|
ix US
GAAP developments
In December
2004, the FASB issued Statement of Financial Accounting Standards
No. 123R (SFAS 123R) Share-Based Payment which revises
SFAS 123 and supersedes APB 25. SFAS 123R requires that the cost
of all share-based payment transactions be recognised in the financial
statements. SFAS 123R also establishes fair value as the measurement
method in accounting for share-based payments to employees. BT
adopted SFAS 123R on 1 April 2005 using the modified prospective
transition method. BT estimates the application of the expensing
provisions of SFAS 123R will result in a pre-tax expense of approximately
£45 million in the 2006 financial year subject to additional
grants and awards.
In
December 2004, the FASB issued Statement of Financial Accounting
Standards No. 153 (SFAS 153) Exchanges of Non-monetary Assets
an amendment of APB Opinion No. 29 SFAS 153 addresses
the measurement of exchanges of non-monetary assets. It eliminates
the exception from fair value measurement for non-monetary exchanges
of similar productive assets in paragraph 21(b) of APB Opinion
No. 29 Accounting for Non-monetary Transactions and
replaces it with an exception for exchanges that do not have commercial
substance. A non-monetary exchange has commercial substance if
the future cash flows of the entity are expected to change significantly
as a result of the exchange.

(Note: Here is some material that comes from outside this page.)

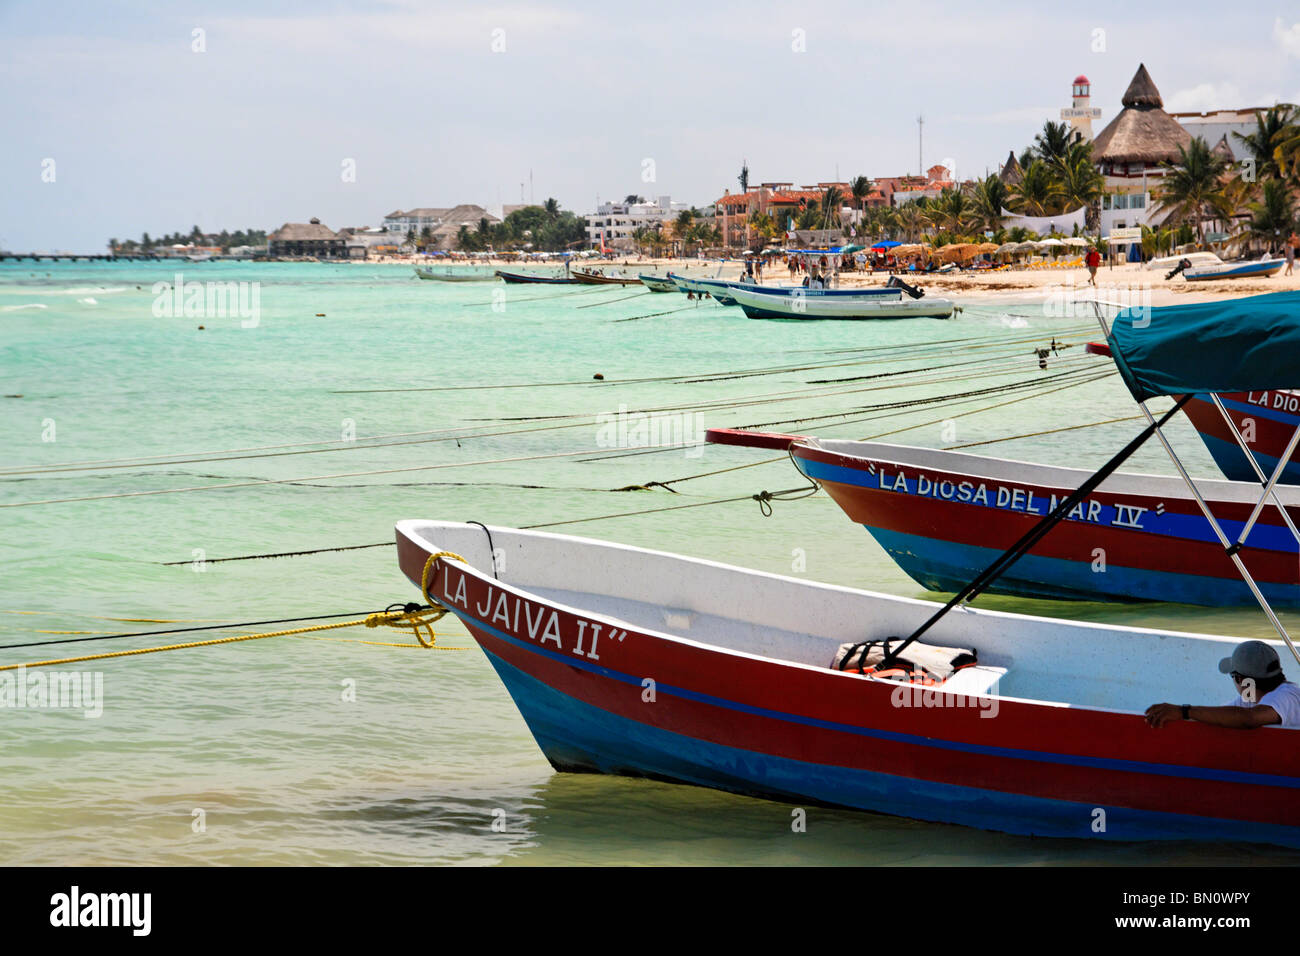 Fishing Boats Anchored on a Beach, Playa Del Carmen, Mexico Stock Photo
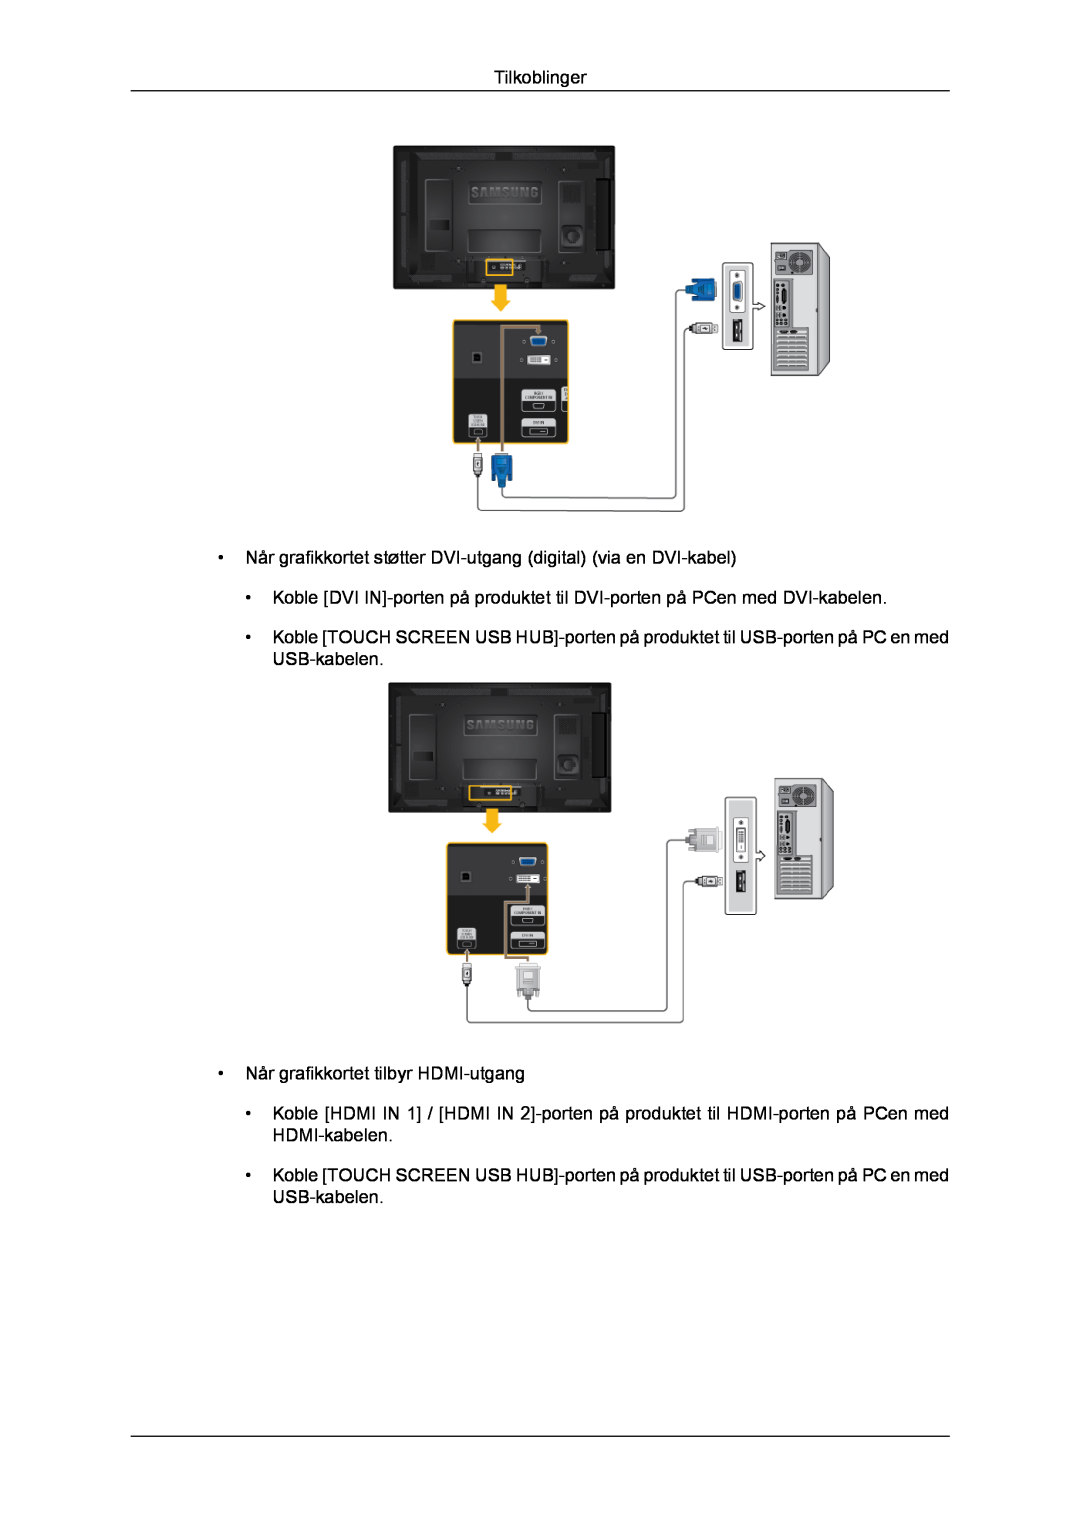 Samsung LH40CRPMBD/EN, LH46CRPMBD/EN manual Tilkoblinger, Når grafikkortet støtter DVI-utgang digital via en DVI-kabel

As required by SFAS 153, we will
adopt this new accounting standard effective 1 July 2005. The
adoption of SFAS 153 is not expected to have a material impact
on our financial position, results of operations or cash flows.
In
November 2004, the FASB issued Statement of Financial Accounting
Standards No.151 (SFAS 151), Inventory Costs an amendment
of ARB No. 43, Chapter 4, which clarifies that abnormal
amounts of idle facility expense, freight, handling costs, and
wasted material (spoilage) should be recognised as a current period
expense. In addition, SFAS 151 requires that allocation of
fixed production overhead to the costs of conversion be based
on the normal capacity of the production facilities. SFAS 151
is effective for fiscal years beginning after 15 June 2005. BT
does not believe that the implementation of this standard will
have a material impact on its financial position, results of operations
or cash flows.
In September 2004, the
EITF reached a consensus on EITF Issue No. 02-14 Whether an
Investor Should Apply the Equity Method of Accounting to Investments
Other Than Common Stock, in which the Task Force reached the
consensus that an investor that has the ability to exercise significant
influence over the operating and financial policies of the investee
should apply the equity method of accounting when it has an investment
in common stock and/or an investment that is in-substance common
stock. The consensus of this EITF is to be applied in reporting
periods beginning after September 15, 2004. We do not believe the
adoption of this standard will have a material impact on our financial
position, results of operations or cash flows.
In
October 2004, the EITF reached a consensus on Issue No. 04-1 Accounting
for Pre-existing Relationships between the Parties to a Business
Combination (EITF 04-1). EITF 04-1 addresses the accounting
treatment of pre-existing relationships between the parties of a
business combination. The consensus of EITF 04-1 should be applied
to business combinations consummated and goodwill impairment tests
performed in reporting periods beginning after the FASB ratified
the consensus at its October 13, 2004 meeting. The group will adopt
the provisions of EITF 04-1 as of April 1, 2005. If it is determined
that assets of an acquired entity are related to a pre-existing
contractual relationship, thus requiring accounting separate from
the business combination, BT will evaluate whether the acquiring
entity of the group should recognise contractual relationships as
assets separate from goodwill in that business combination.
In
March 2004, the EITF reached a consensus on EITF Issue No. 03-1,
The Meaning of Other-Than-Temporary Impairment and Its Application
to Certain Investments (EITF 03-1). The guidance prescribed
a three-step model for determining whether an investment is other-than-temporarily
impaired and requires disclosure for unrealized losses on investments.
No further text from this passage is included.